Our article earlier this week addressed some of the broad product categories and specific vendors that are in the market to provide VM protection for your cloud-based infrastructure. In this follow-up, we’ll talk about some of the more important questions to ask your potential protection vendor as you consider these solutions.
- What specific versions of hypervisors are protected? All of these products work with particular VMware hosts, some only work on more modern (v4 or newer) versions. Some, such as Catbird’s vSecurity and BeyondTrust PowerBroker, also work with Xen hosts (and by extension, Amazon Web Services, which is built on top of Xen). None currently work with Microsoft HyperV technology.
- Do you need agents and if so, where are they installed? What happens when you add a new ESX host to your data center to get it protected by each product? Each product has a different process by which its protection gets activated; some (such as Hytrust and Reflex) are easier than others that require multiple configuration steps or a series of different agents to be added to each host. Some products install agents on the hypervisor itself, so no additional software is needed inside each VM running on that hypervisor. Others work with the VMware interfaces directly and don’t need any additional software. Some require VMware’s vMA or vShield add-ons. The goal here is to provide instant-on protection, because many times VMs can be paused and restarted, avoiding the traditional boot-up checks that physical security products use.
- Can I email reports to management and can they make actionable decisions from them? A security manager wants to understand where and how they are vulnerable, and be able to clearly explain these issues to management too. Some products produce reports that could be phone books if they were printed out: this level of detail is mind numbing and not very useful or actionable. Others do a better job of presenting dashboards or summaries that even your manager can understand. I liked the reports from Trend: they were easiest to produce and parse, and share with management. Setting up reports for Beyond Trust was excruciatingly complex.

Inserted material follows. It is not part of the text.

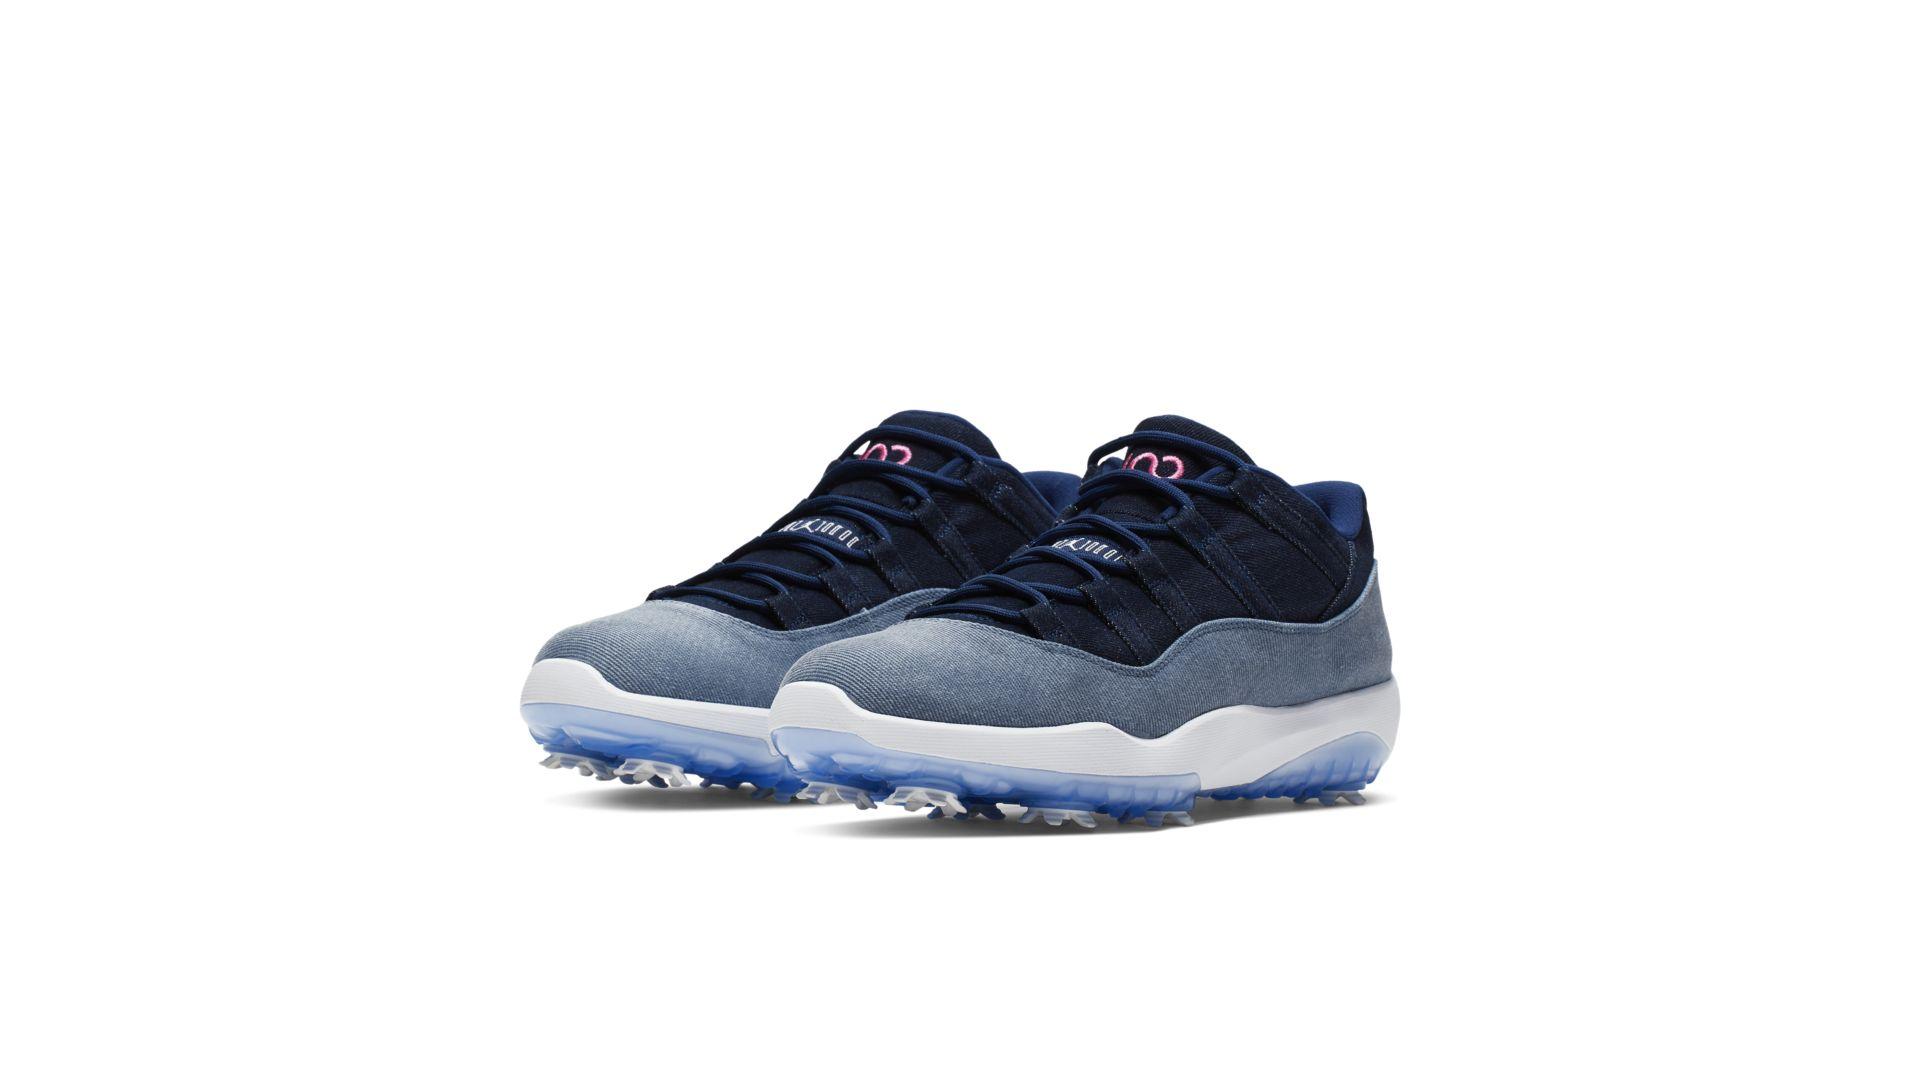 Jordan 11 Retro Low Golf No Denim Allowed (AQ0963-400)

[Trend Dashboard]: Trend Micro’s Deep Security has a very actionable dashboard with alert summaries and event histories. - How granular are its policy controls? Another item to examine is how easy it is to add elements to existing policies or create entirely new ones. This is the bread and butter of these products; but be aware of how they create and modify their policies because this is where you end up spending most of your time initially in setting things up.
- Finally, what is the price? Each product has a complex pricing scheme: some charge by VM, by virtual socket, by protected host, or by physical appliance. Make sure you understand what the anticipated bill will be with your current cloud formation and what you expect to be running in the future. For example, Catbird charges $2000 per VM instance, while Hytrust charges $1000 per protected ESX host.